The problem we tackled
Multimodal models already run in safety-critical applications, but the visual channel makes them vulnerable: an image is a continuous pixel space, an ideal carrier for adversarial perturbations, text hidden inside a picture, and cross-modal compositions. RLHF alignment, meanwhile, is mostly text-oriented and poorly covers attacks through vision, and retraining a model for each new vulnerability class is too expensive. So I was interested in inference-time defenses, the ones that change only the inference pipeline (input, prompt, repeated runs, output filtering) while leaving the weights untouched. The trouble is that each such method had previously been tested in isolation, on its own model and its own benchmark. We were the first to bring them onto one bench.
What and how we tested
We took three defenses at different stages: RapGuard (an adaptive defensive prompt driven by chain-of-thought reasoning), AdaShield (a prompt against text hidden in an image), and SmoothVLM (randomized smoothing that masks pixels and takes a majority vote over several runs).
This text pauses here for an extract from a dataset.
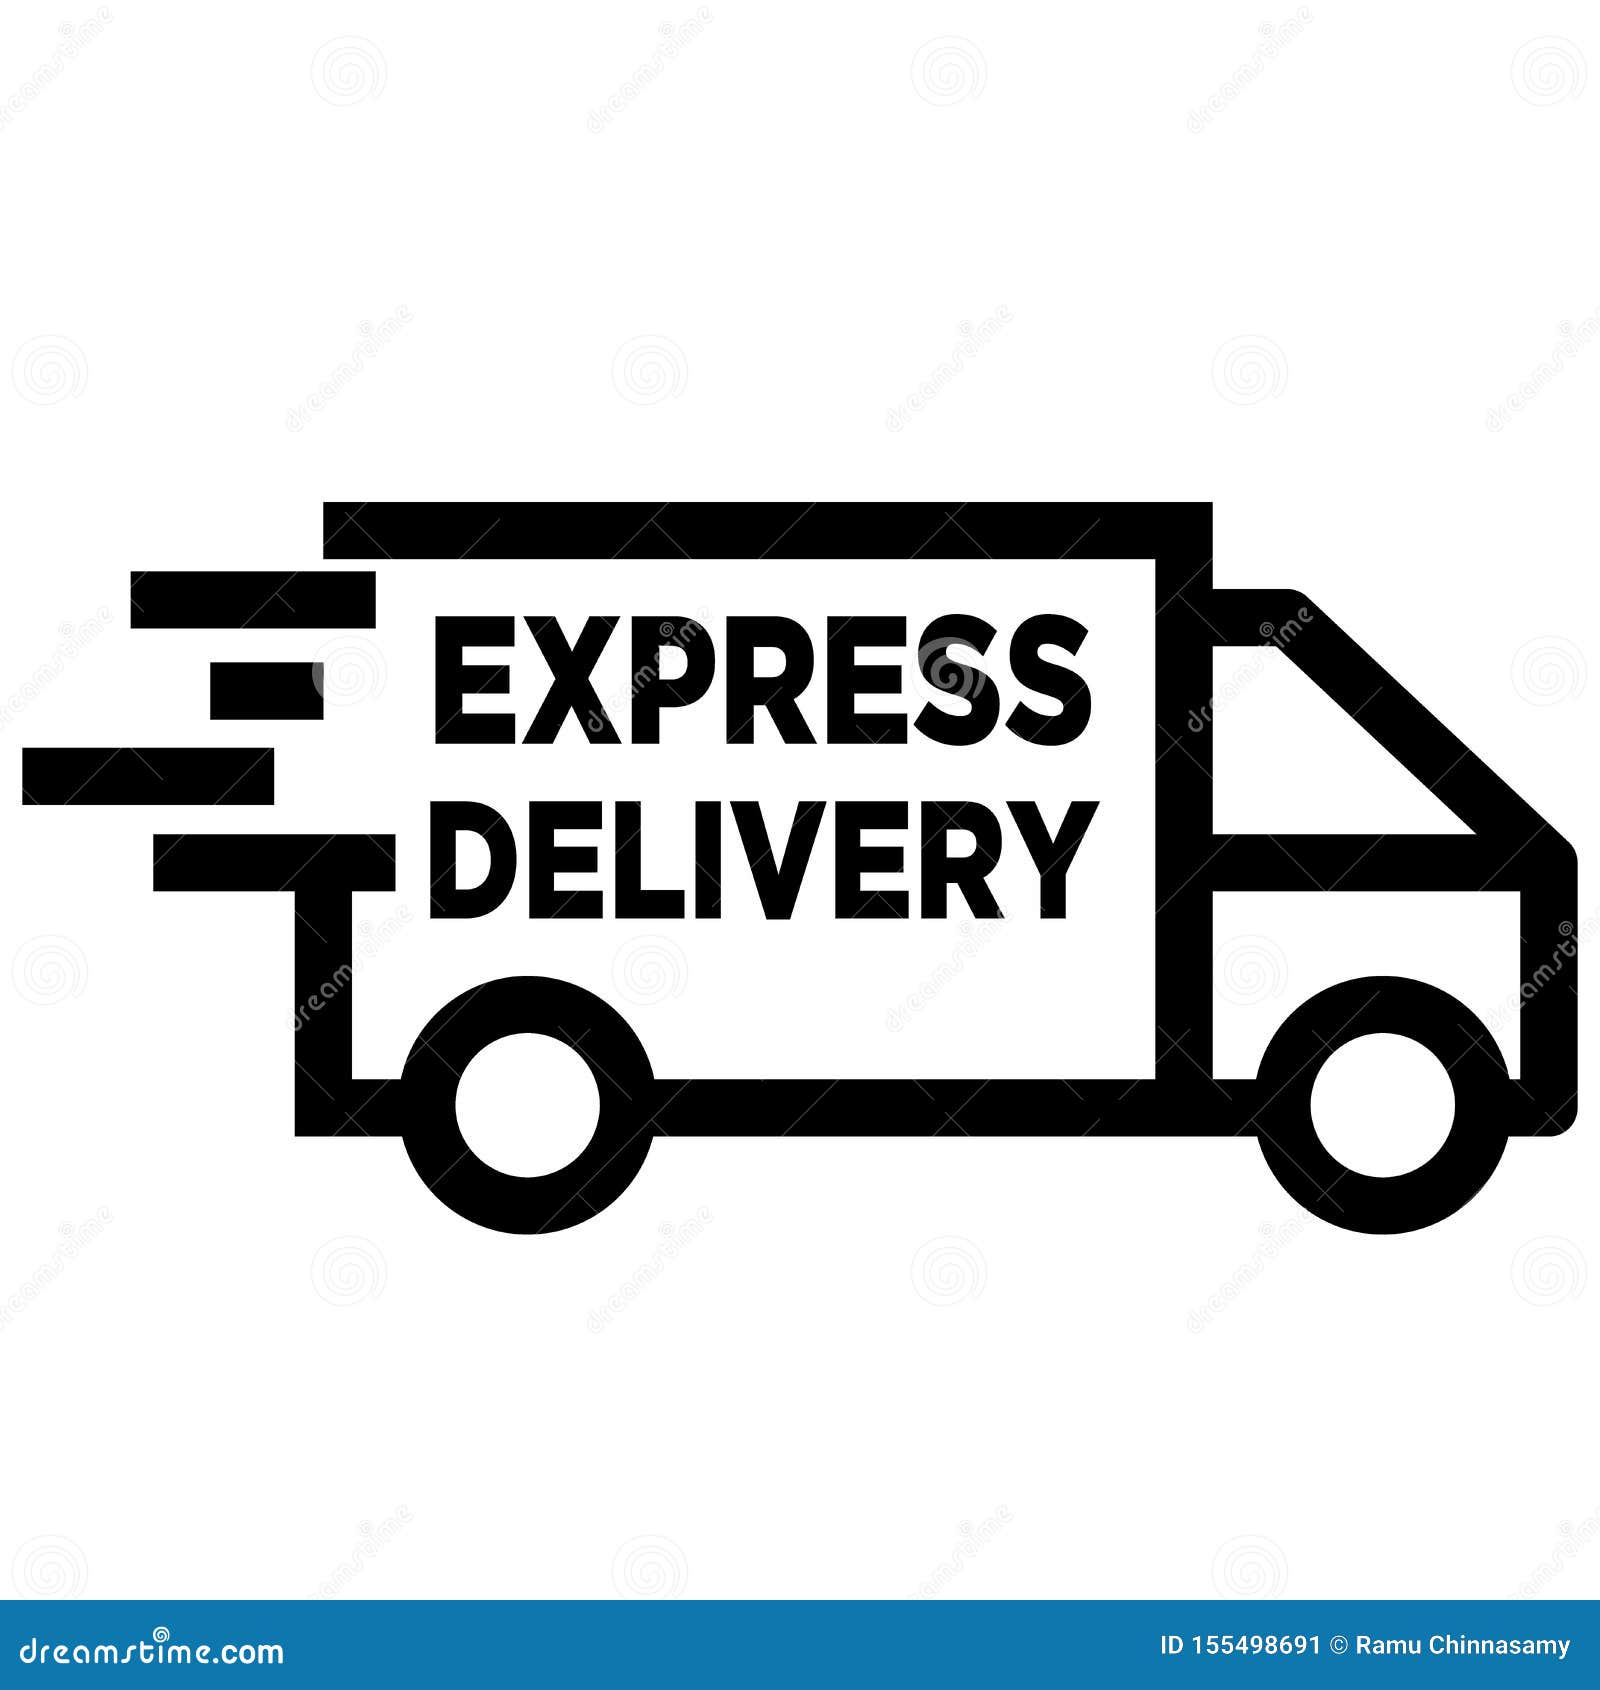 Express delivery icon stock vector. Illustration of element - 155498691

We compared six configurations, from "no defense" and a simple safety prompt up to the full S+A+R combination, across eight models (4B to 38B parameters) and seven benchmarks covering typographic injection, textual and multimodal jailbreaks, and adversarial patches. To keep the comparison fair across very different benchmarks, we ran everything through the same keyword classifier and measured three numbers: the harmless rate (HR), the attack success rate (ASR), and the over-refusal rate on legitimate queries.
Five findings
The picture turned out to be down-to-earth. First: there is no universal defense, and what works depends on both a model's baseline safety and the attack type. Second: stacking everything is a bad idea. The full combination pushes over-refusal on benign queries to between 97% and 100%, and SmoothVLM on its own gives false-refusal rates of 99.2% to 100%, which makes the system unusable. Third: a simple safety prompt keeps utility intact (0 to 18.2% over-refusal, below 7% for five of the eight models) while still raising safety moderately, which makes it a good lightweight base layer. Fourth: different attack classes expose different weaknesses (typographic attacks hit InternVL, textual jailbreaks hit Qwen3-VL), so you cannot judge a defense on one benchmark. Fifth: in a preliminary whitebox PGD test, text-level defenses unexpectedly suppressed a gradient-based visual attack (ASR 25% to 0%), because they act at the output stage, where pixel-space optimization has limited reach.
What follows from this
The main practical lesson for me: there is no single "silver bullet," and a defense has to be chosen adaptively, fitted to the specific model and query stream rather than piled on indiscriminately. This comparative study is the empirical and methodological foundation for the adaptive MARS framework (part of B. Nutfullin's candidate dissertation), which selects and composes inference-time defenses to fit the situation. For me it continues the line of work on LLM safety, prompt injection, and operational security in multimodal and agentic AI.